The problem with the current situation is:
- According to the MLIR docs, users expect that the IR is in canonical form after running
-canonicalize
, but this is not necessarily the case. - Users often run canonicalization as a pre-processing pass to enable other transforms/canonicalizations. But this is incorrect, as the canonicalizer may not bring the IR in the canonical form.
-
-canonicalize
may apply some canonicalization patterns while “ignoring” others. Which patterns are applied and which are not (if any) can change if new patterns added or additional dialects are loaded. This is hard to debug. - Faulty canonicalization patterns (e.g., patterns that do not converge) can remain unnoticed. They can start breaking the CanonicalizerPass at any point in a non-predictable way. We currently have faulty patterns in the GPU and OpenACC dialects (that nobody noticed), as indicated by the failed tests of ⚙ D140482 [mlir] Signal CanonicalizerPass failure due to non-convergence.

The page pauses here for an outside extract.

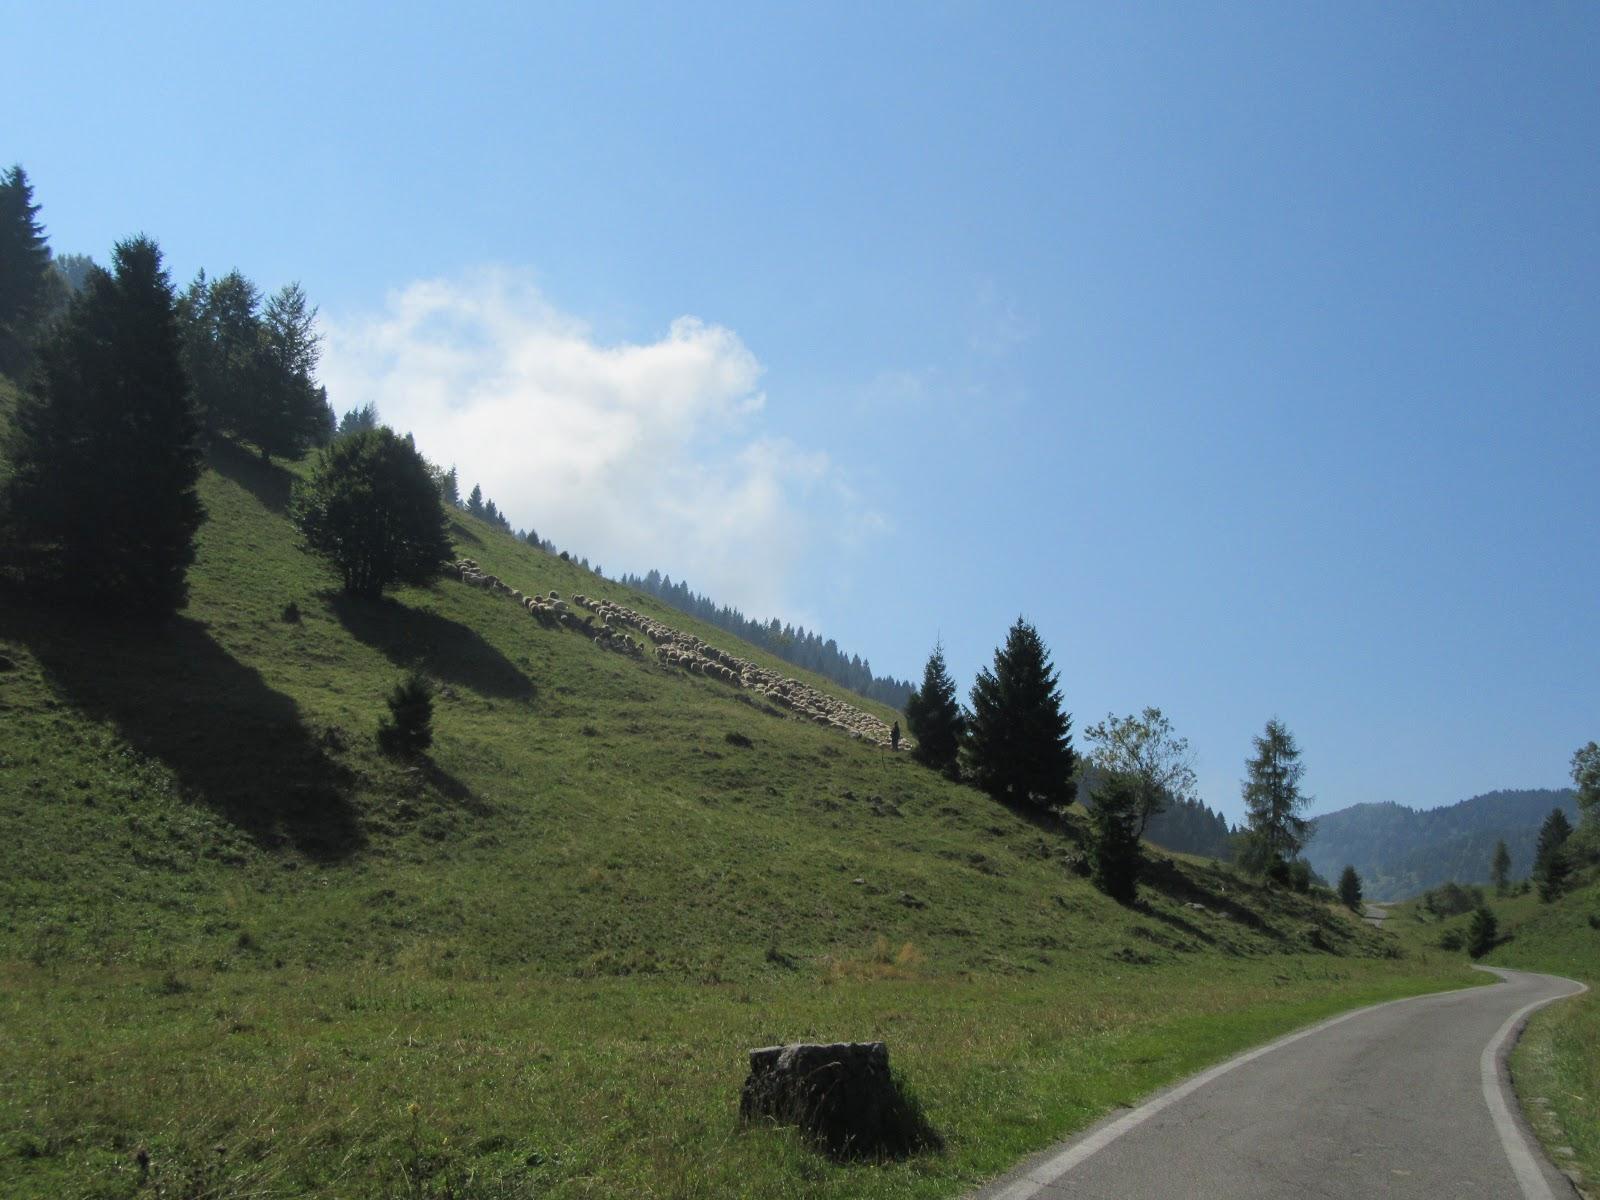 Climbing Monte Grappa from Possagno  by bike - grazing sheep near road

Probably even more in downstream projects. (This is what the docs say about canonicalization patterns:
Repeated applications of patterns should converge. Unstable or cyclic rewrites will cause infinite loops in the canonicalizer.
)
Here are two proposals to fix this. (My preferred solution is the first one.)

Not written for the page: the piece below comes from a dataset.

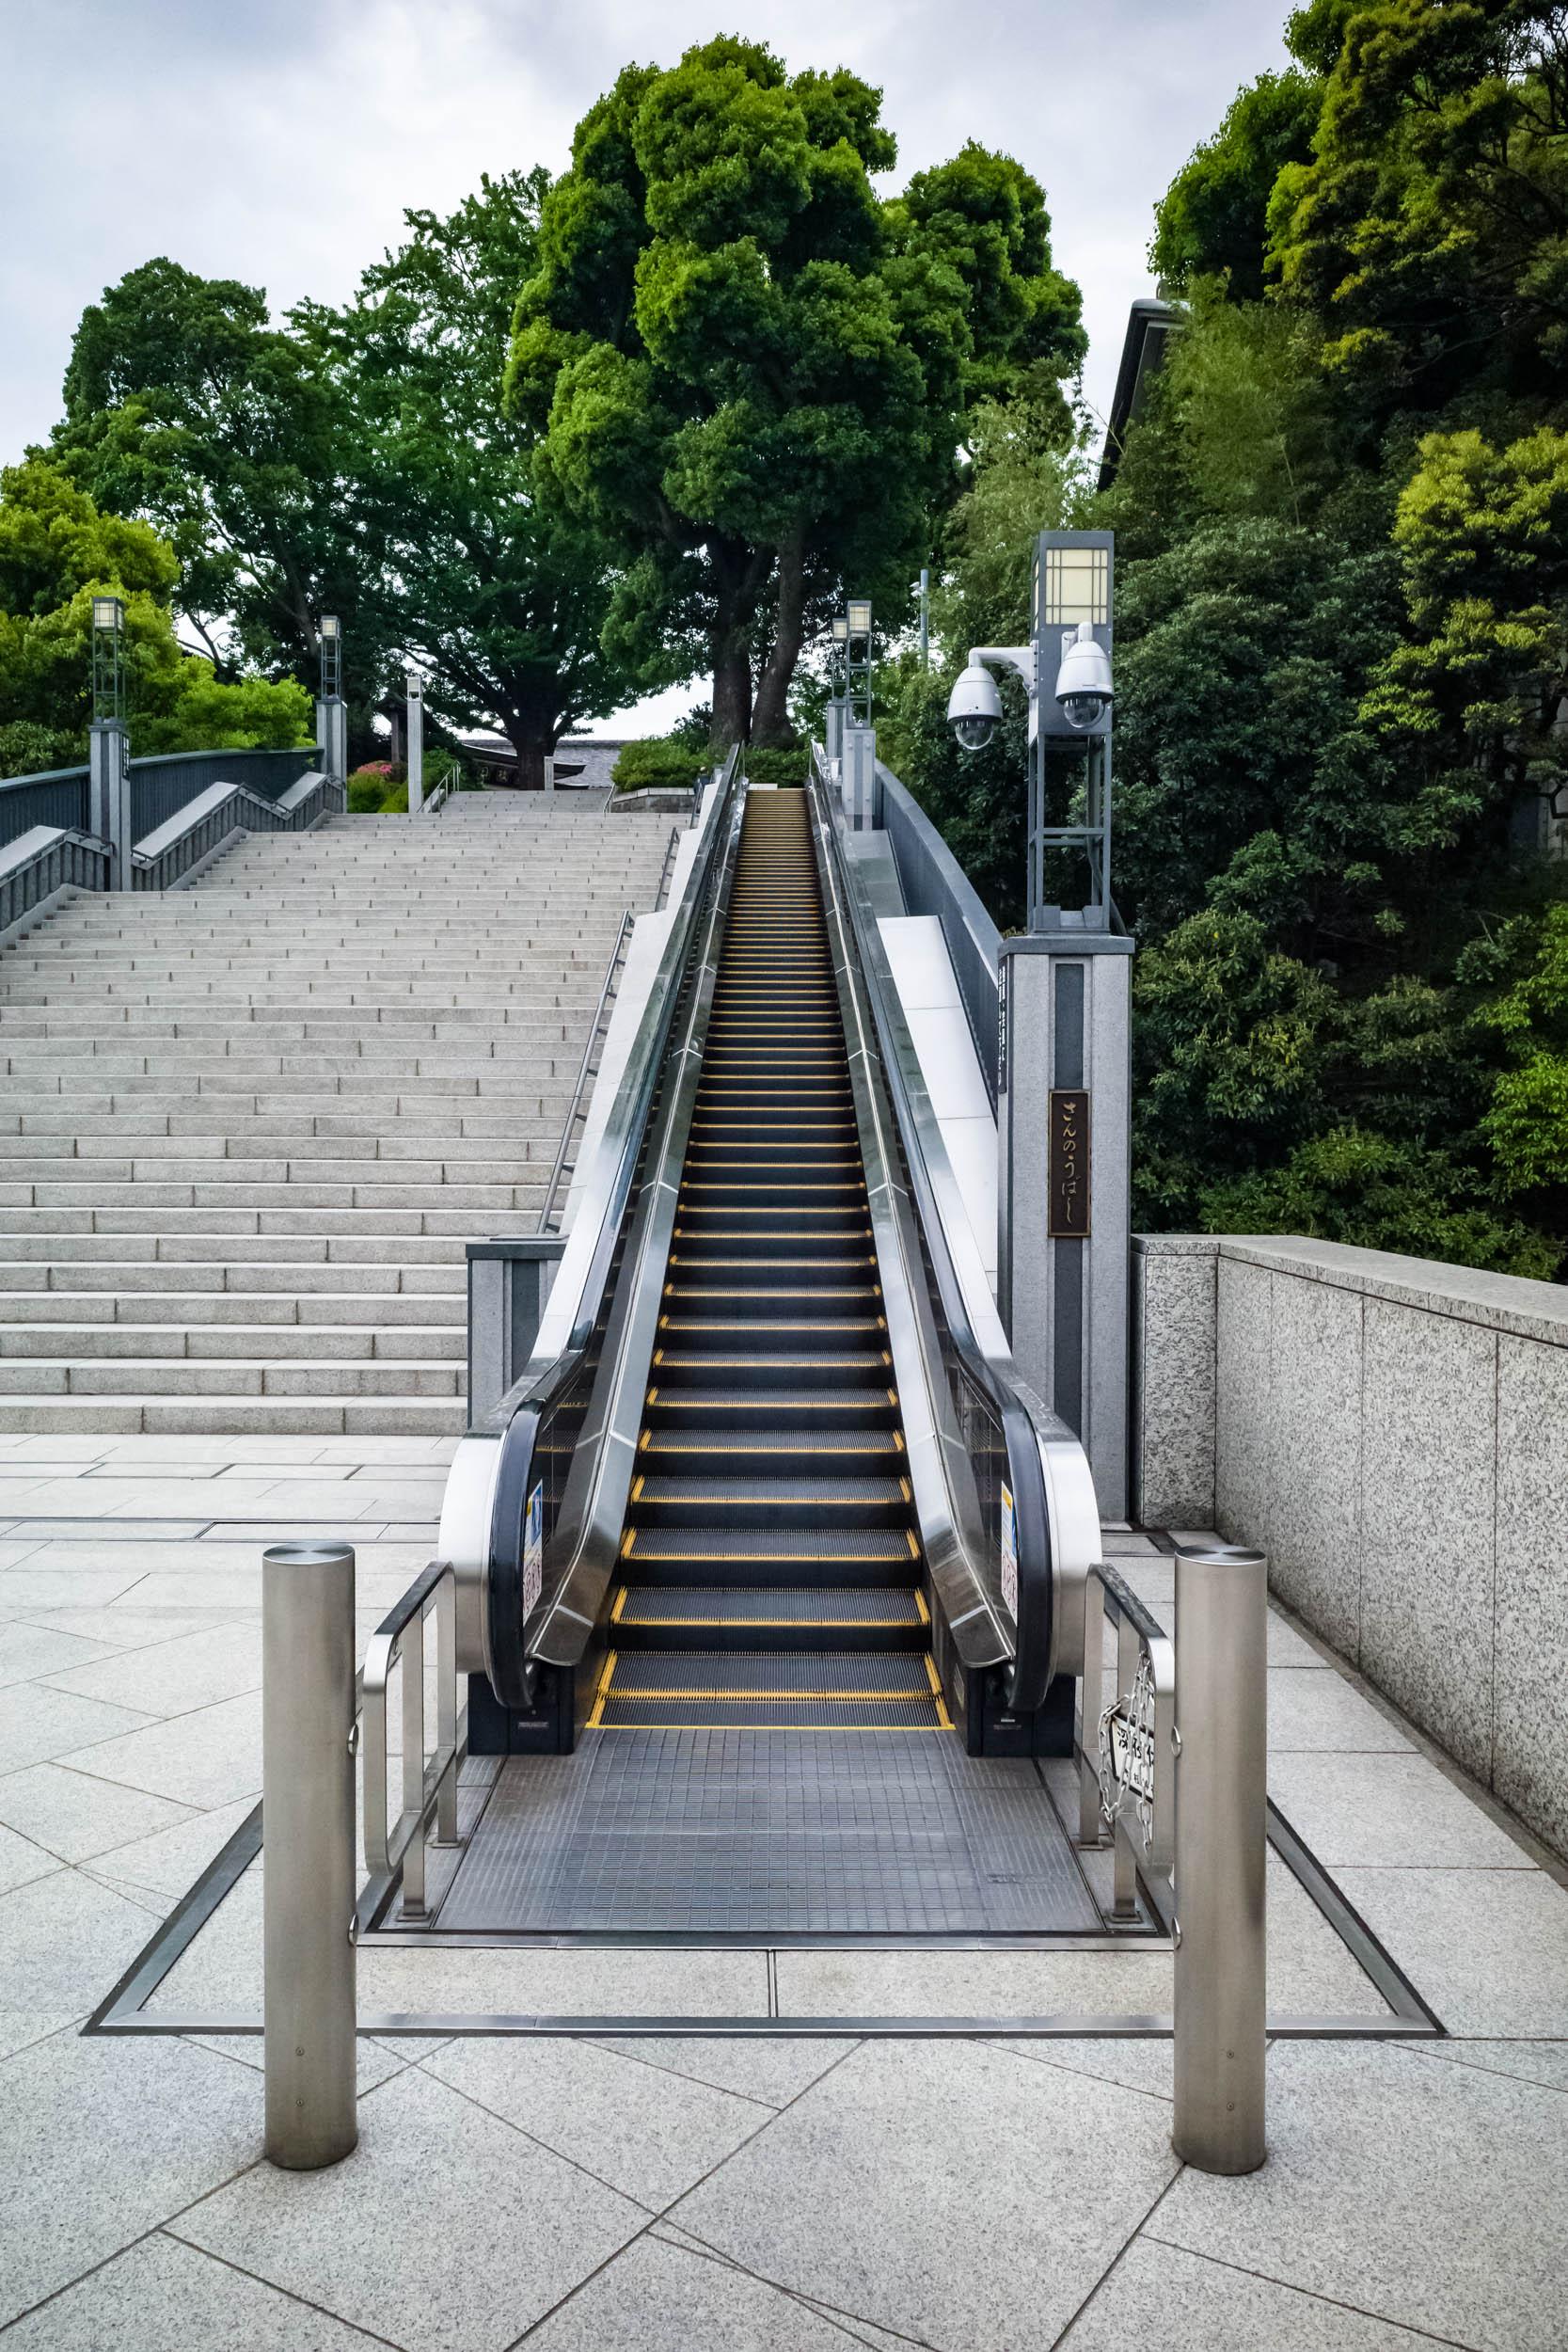 The second escalator

Proposal 1: Signal pass failure on non-convergence
void CanonicalizerPass::runOnOperation() {
/* ... */
if (failed(applyPatternsAndFoldGreedily(getOperation(), patterns, config)))
signalPassFailure();
}
and do not limit the number of iterations by default (pass option of CanonicalizerPass
):
Option<"maxIterations", "max-iterations", "int64_t",
/*default=*/"-1",
"Max. iterations between applying patterns / simplifying regions">,
The downside of this approach is that the CanonicalizerPass may run longer. It is, however, guaranteed to terminate. Otherwise, we must have a bug in a pattern. We can add additional debugging flags to the CanonicalizerPass that help tracking down such bugs (e.g., âš™ D140525 [mlir] Limit number of pattern rewrites in CanonicalizerPass).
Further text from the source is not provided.